■ Problem to work on: Only one stretch of the data is wanted: the line containing "Красная мужская футболка", the line containing "silver fridge side view", and every line between them, copied exactly.

■ The data:
*-*-*

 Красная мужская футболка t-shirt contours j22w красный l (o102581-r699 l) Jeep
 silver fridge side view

*-*-*

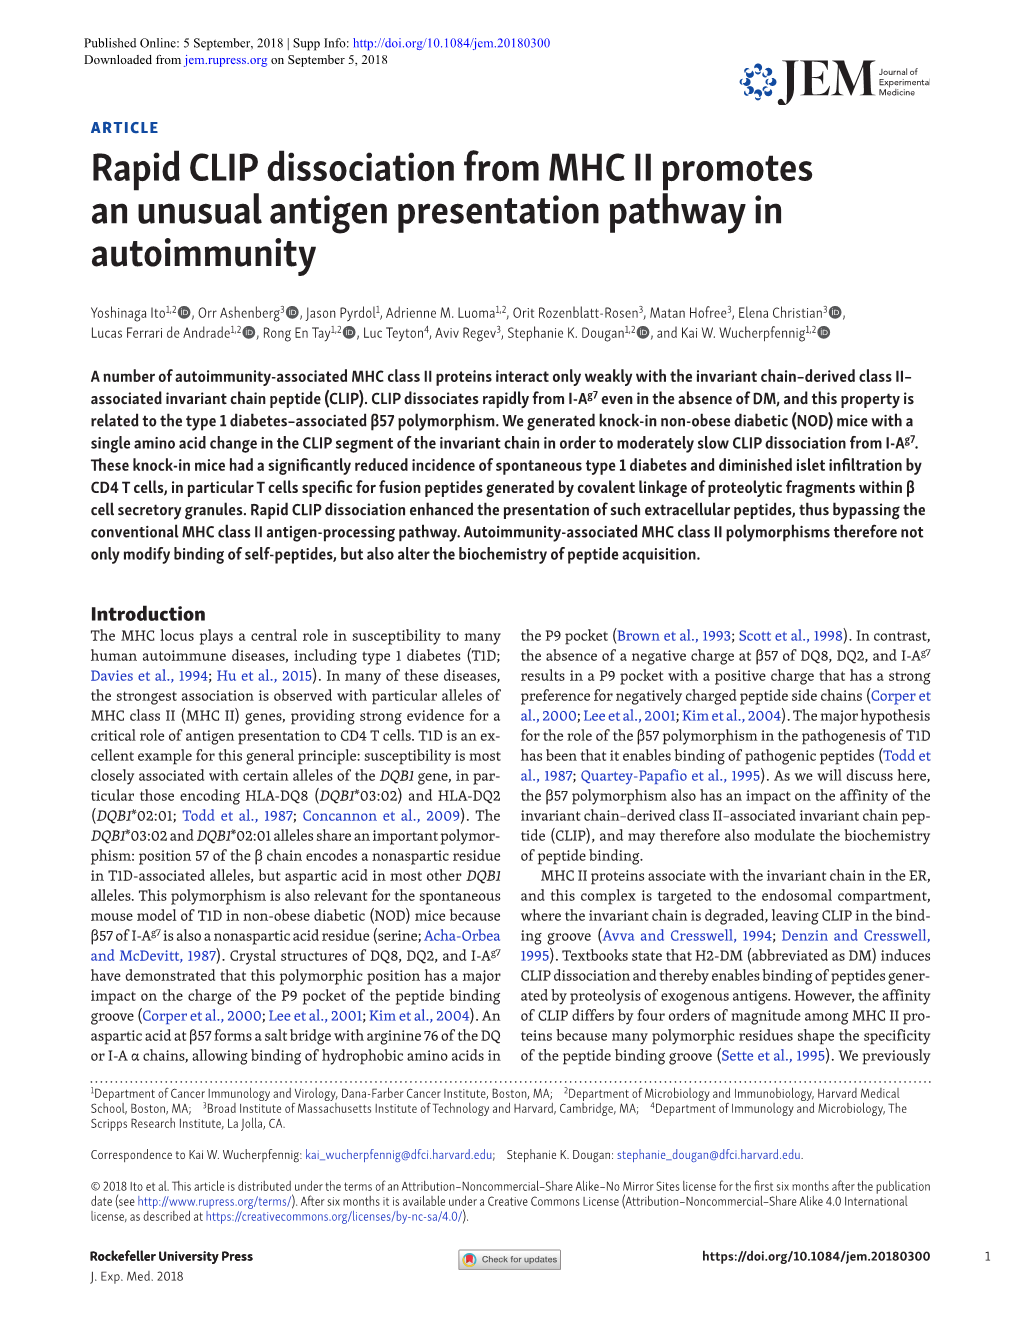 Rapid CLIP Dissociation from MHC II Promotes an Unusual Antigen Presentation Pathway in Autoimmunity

*-*-*

■ Exercise result:
 Красная мужская футболка t-shirt contours j22w красный l (o102581-r699 l) Jeep
 silver fridge side view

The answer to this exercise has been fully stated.